◆ Task:
Return the listing below unchanged, except that the pictures are dropped.

◆ Information shown:
┏━━

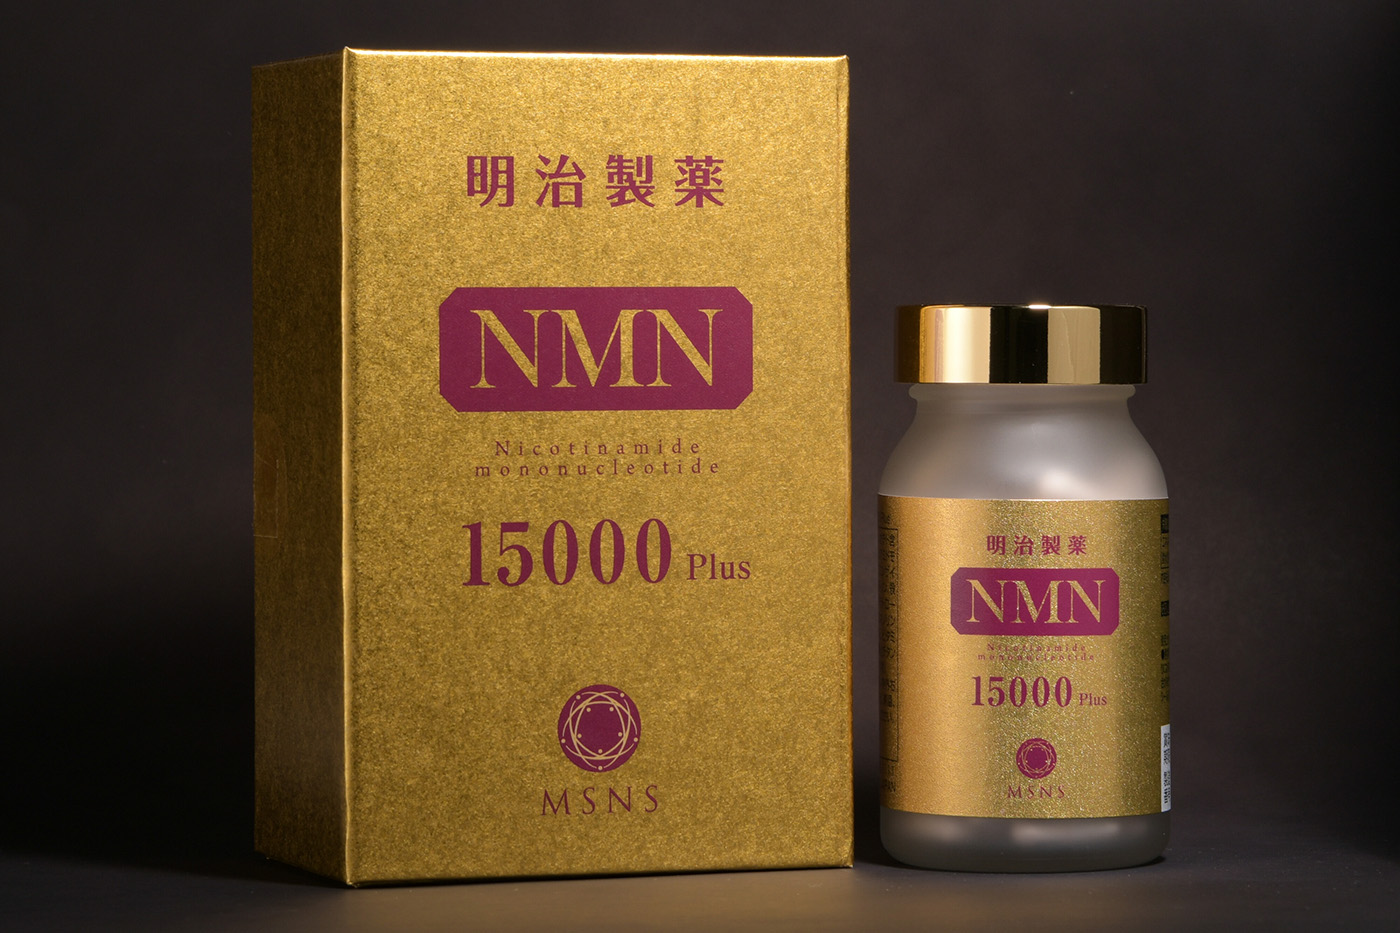 明治製薬 高純度 NMN 15000 Plus 健康食品 国内正規品
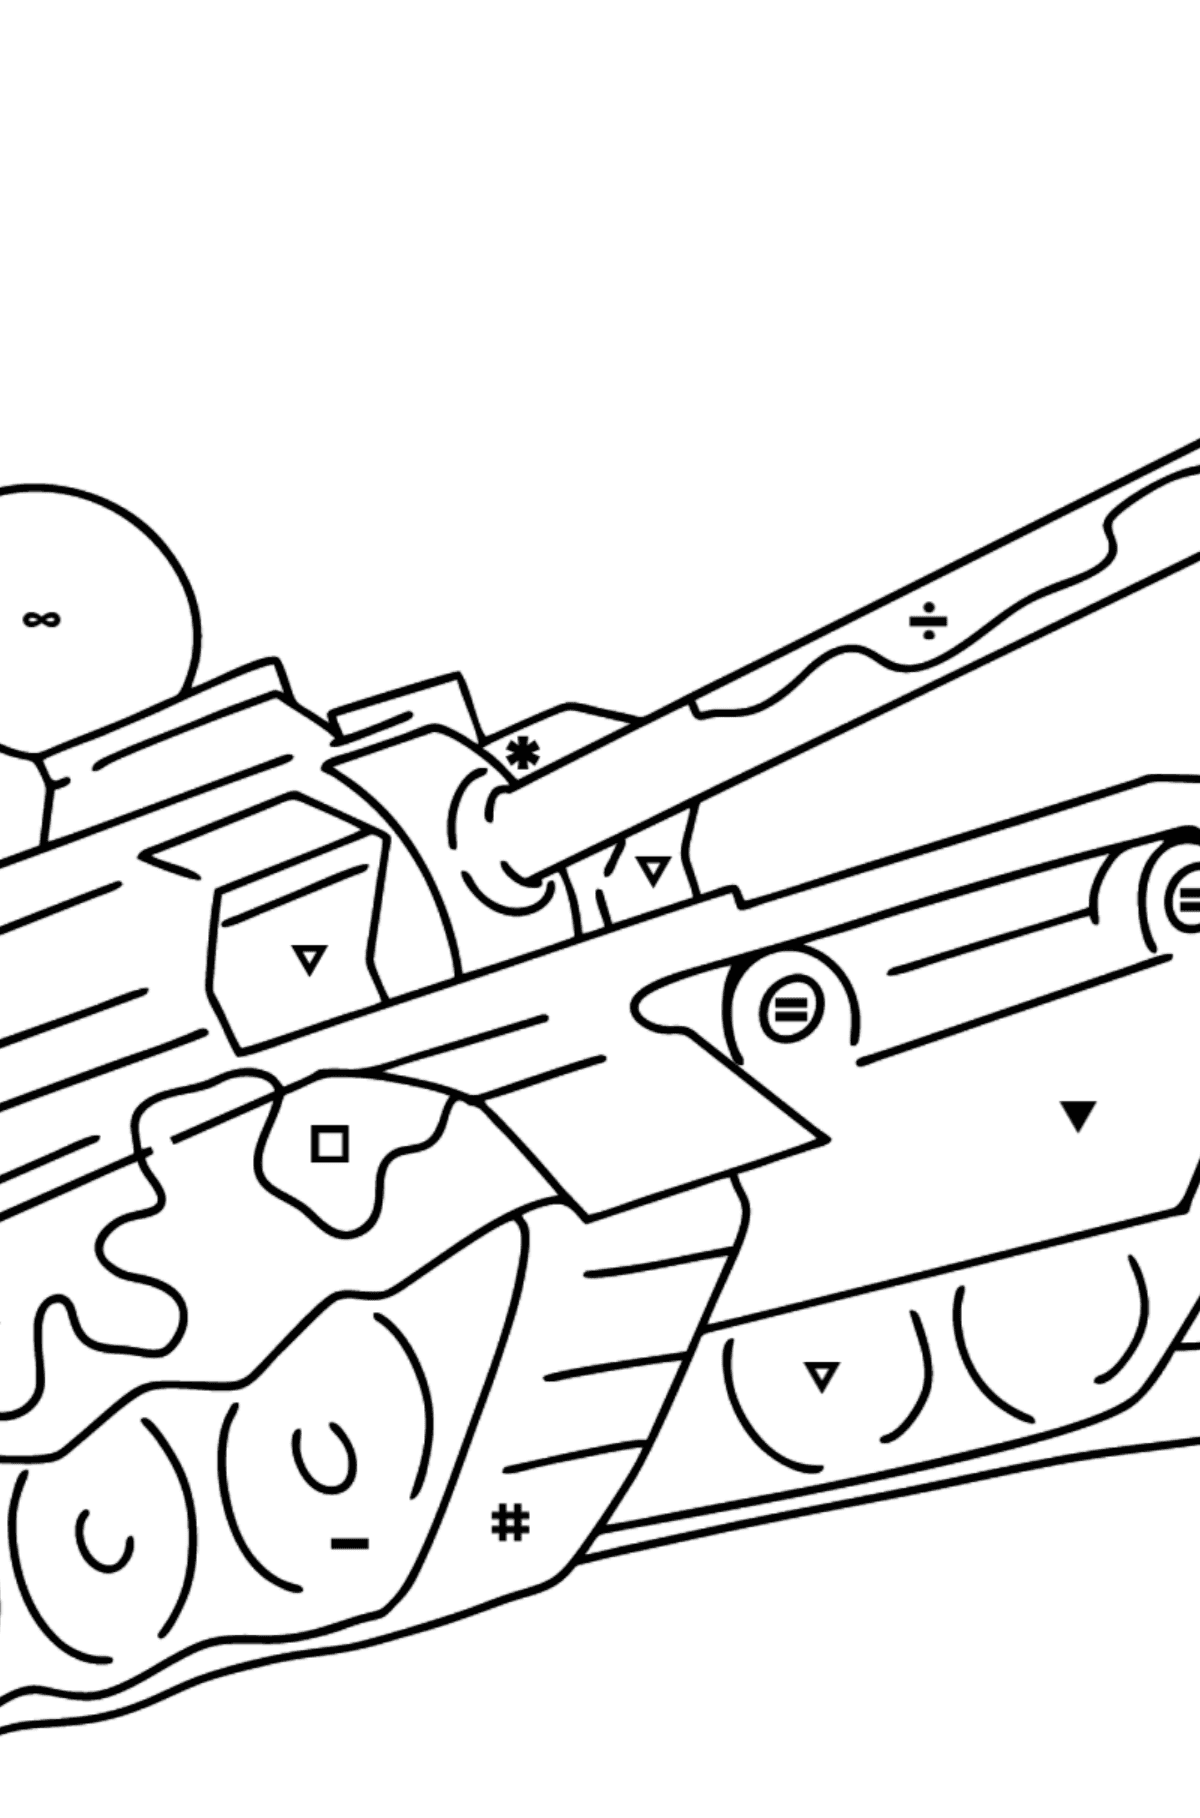 Värityskuva sotilaallinen panssarivaunu - Väritys Symbolien mukaan lapsille
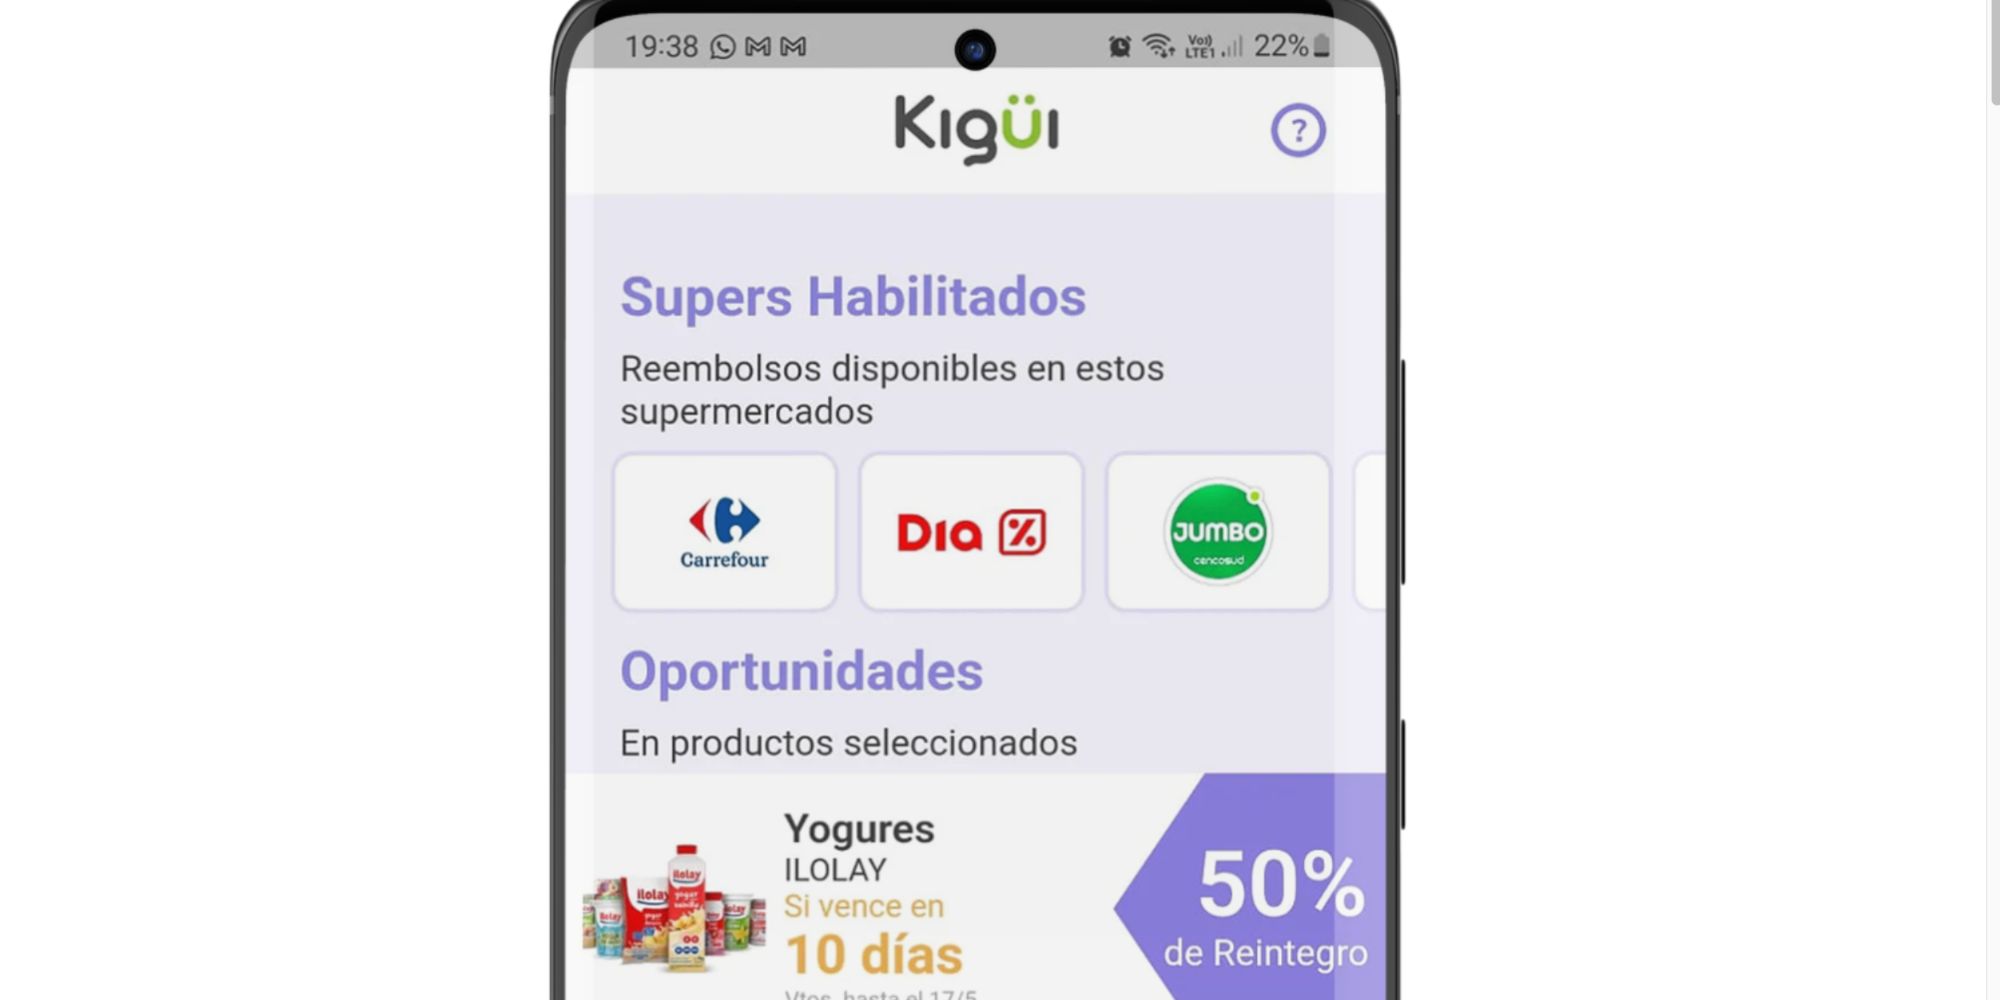 kigui.mx combatiendo el desperdicio de alimentos

┗━━

◆ Exercise response:
 明治製薬 高純度 NMN 15000 Plus 健康食品 国内正規品
 Värityskuva sotilaallinen panssarivaunu - Väritys Symbolien mukaan lapsille
 kigui.mx combatiendo el desperdicio de alimentos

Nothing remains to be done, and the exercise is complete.